▶ _GIVEN DATA_:

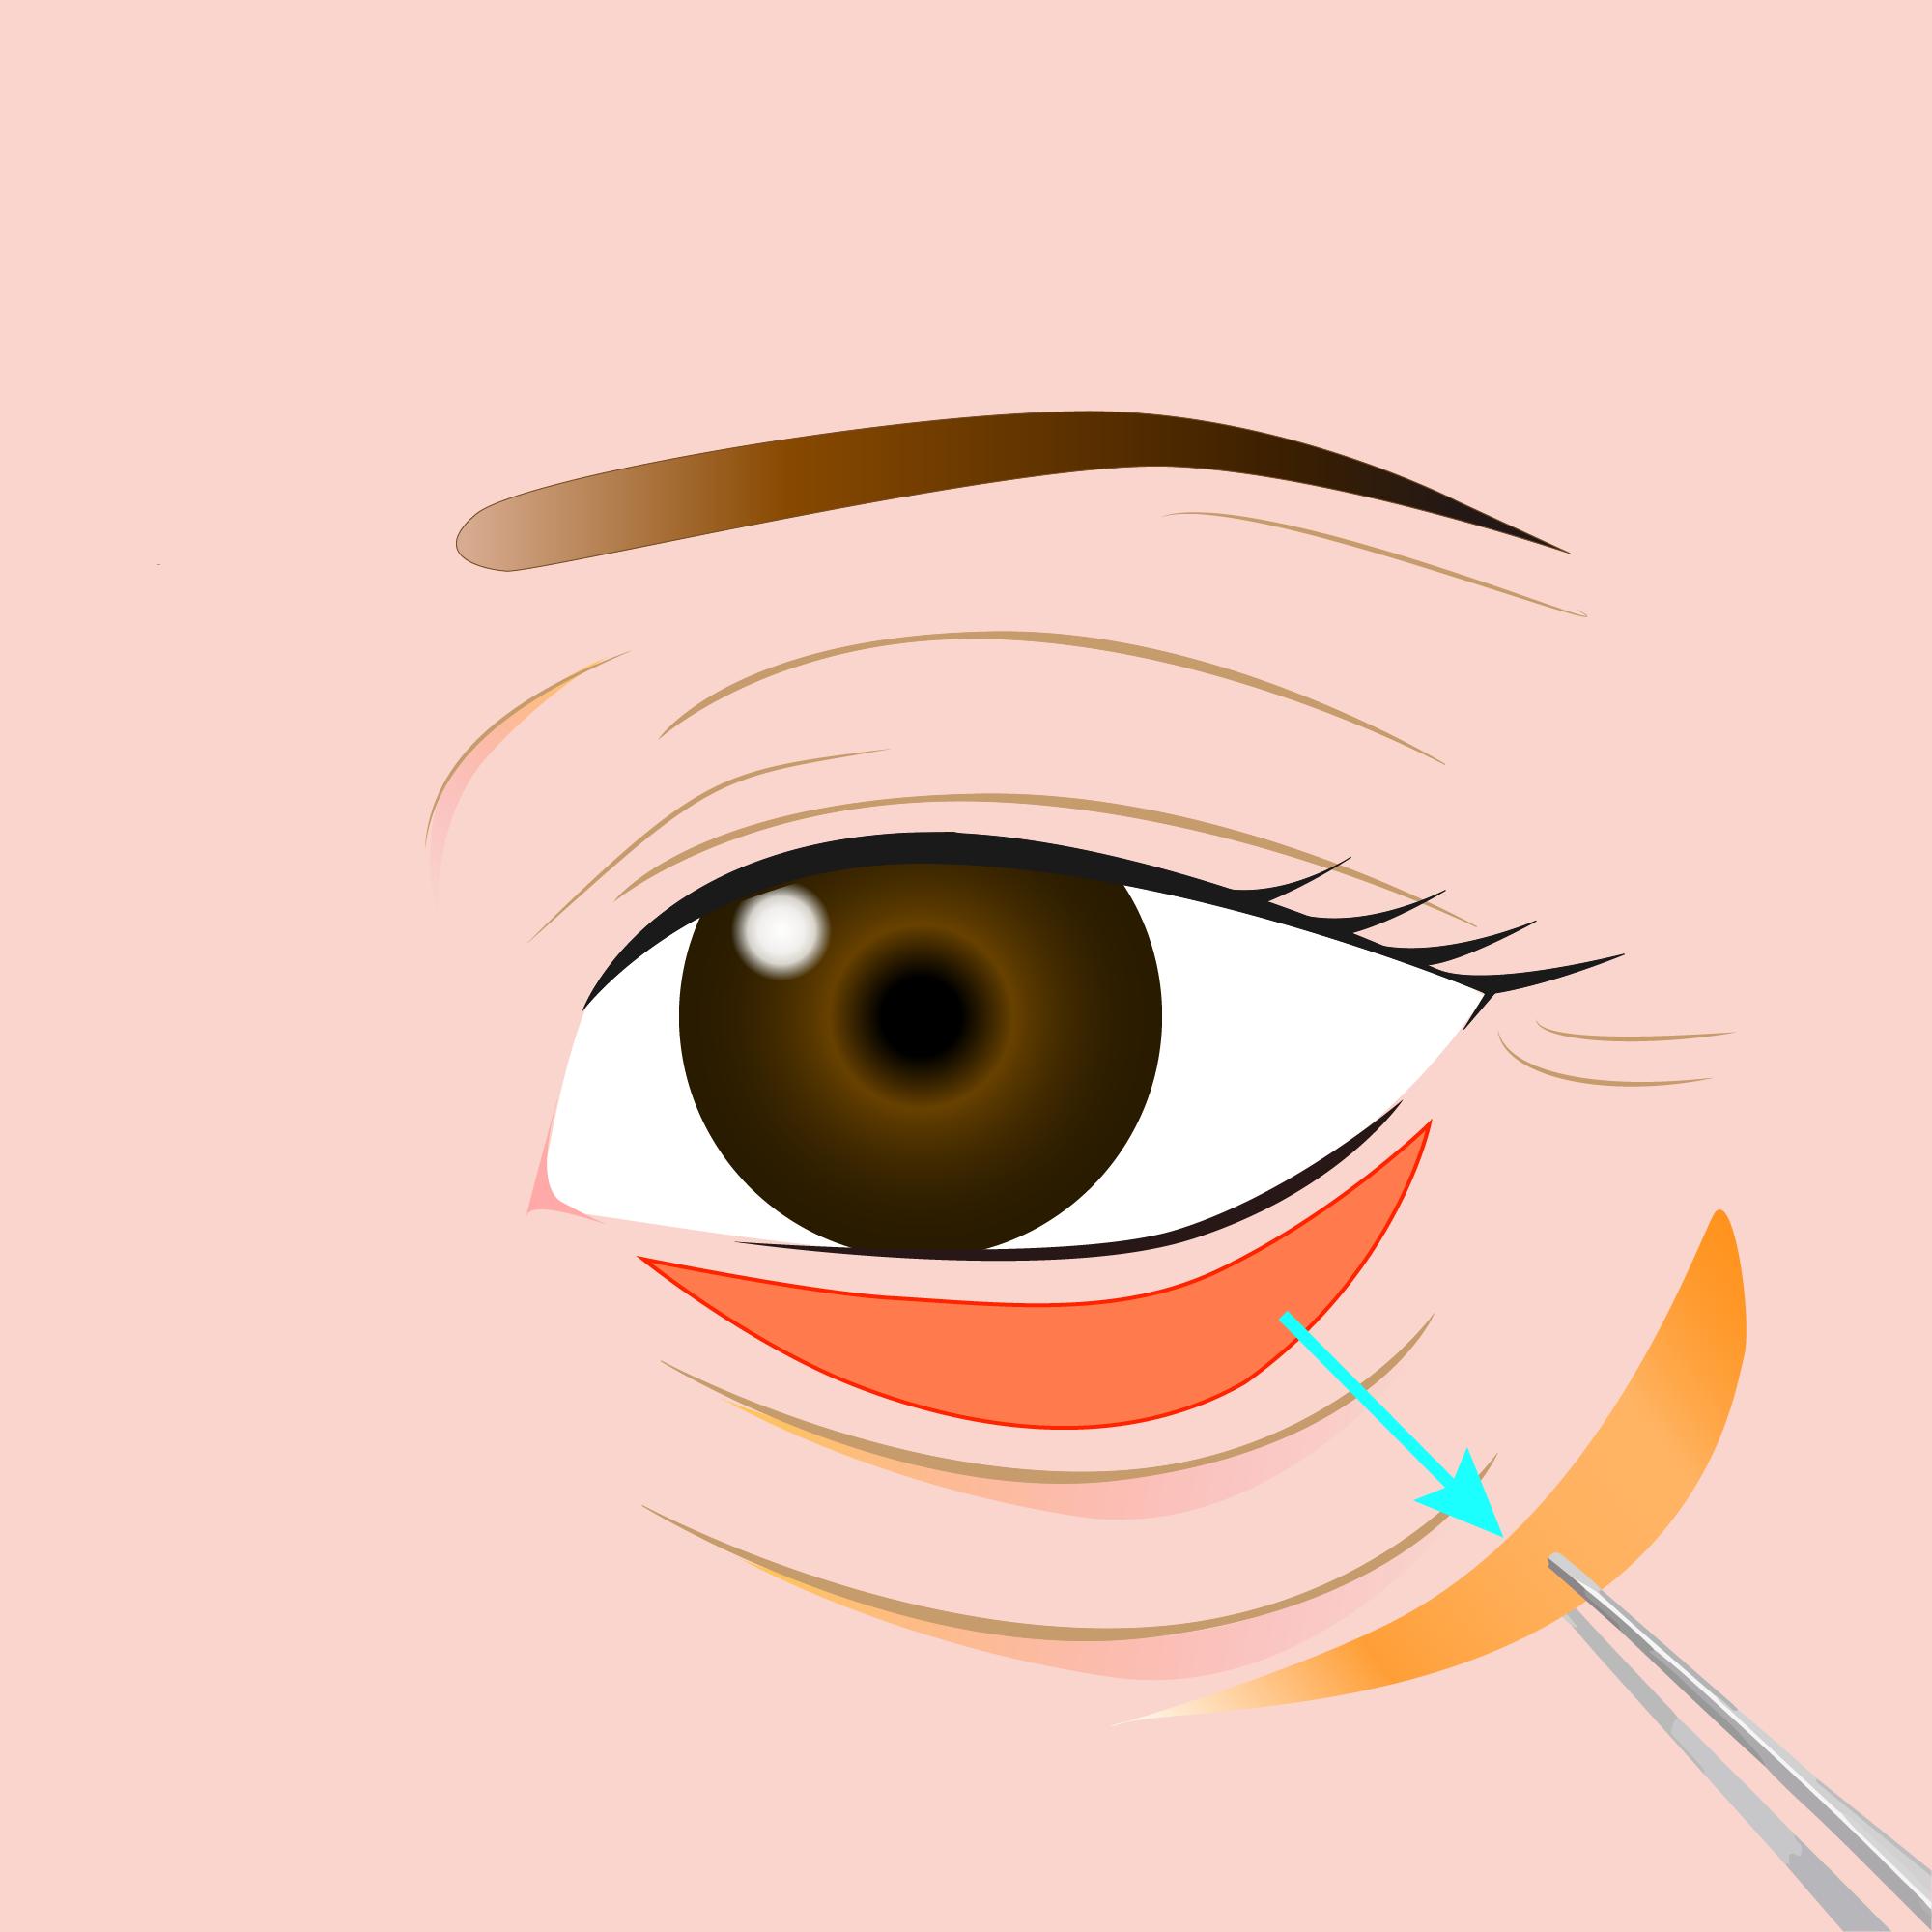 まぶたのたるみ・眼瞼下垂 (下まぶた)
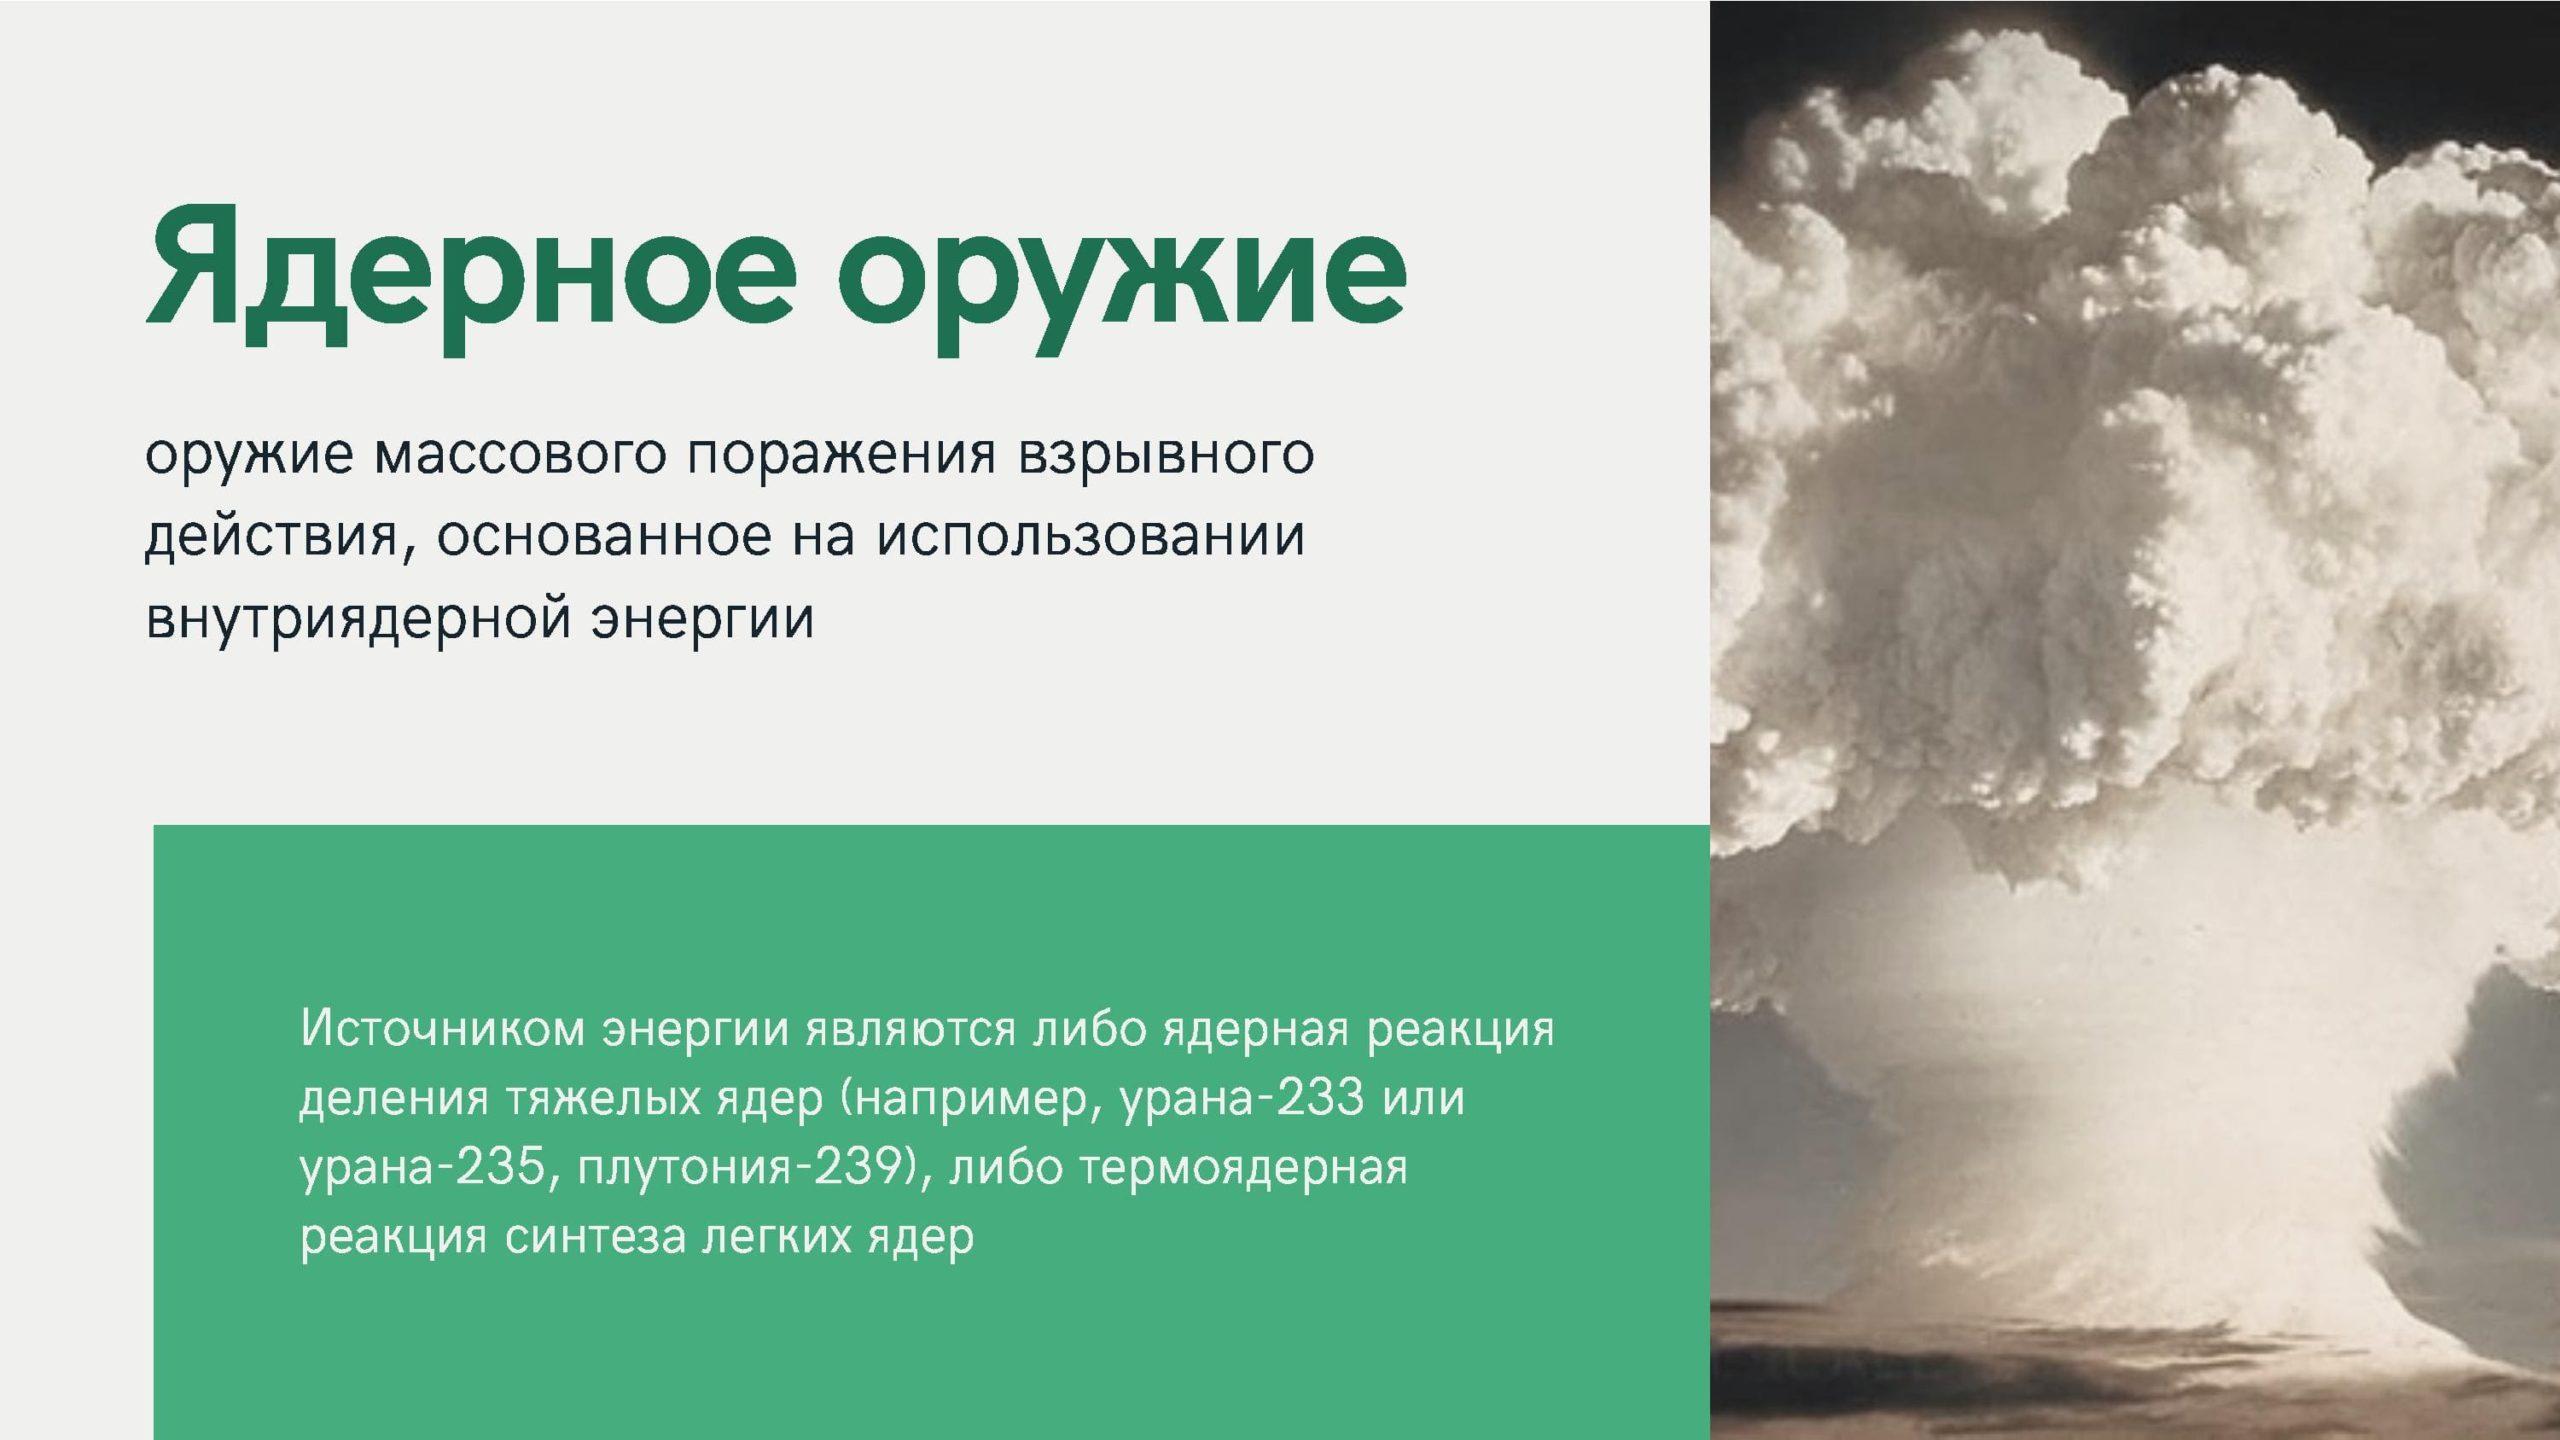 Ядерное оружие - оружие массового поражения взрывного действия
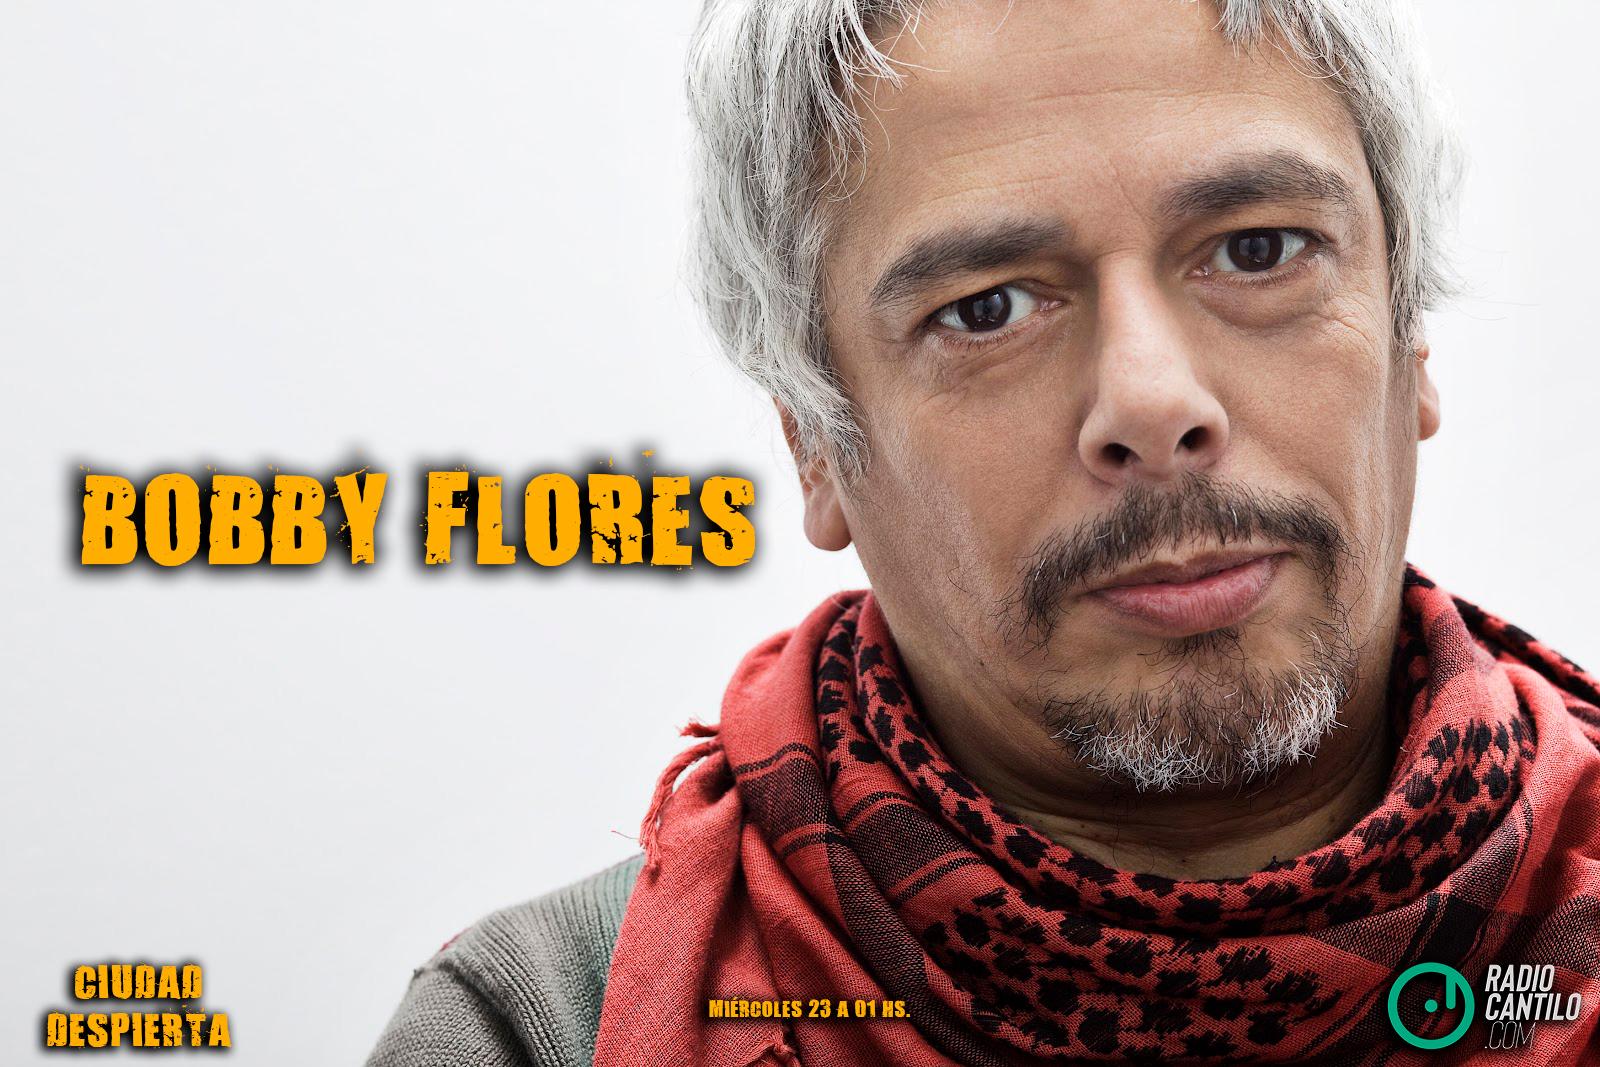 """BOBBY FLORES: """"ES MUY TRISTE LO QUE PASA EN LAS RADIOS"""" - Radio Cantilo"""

▶ _TASK OBJECTIVE_: The answer is the listing above restated word for word, pictures removed.

▶ _TASK ANSWER_:
 まぶたのたるみ・眼瞼下垂 (下まぶた)
 Ядерное оружие - оружие массового поражения взрывного действия
 """BOBBY FLORES: """"ES MUY TRISTE LO QUE PASA EN LAS RADIOS"""" - Radio Cantilo"""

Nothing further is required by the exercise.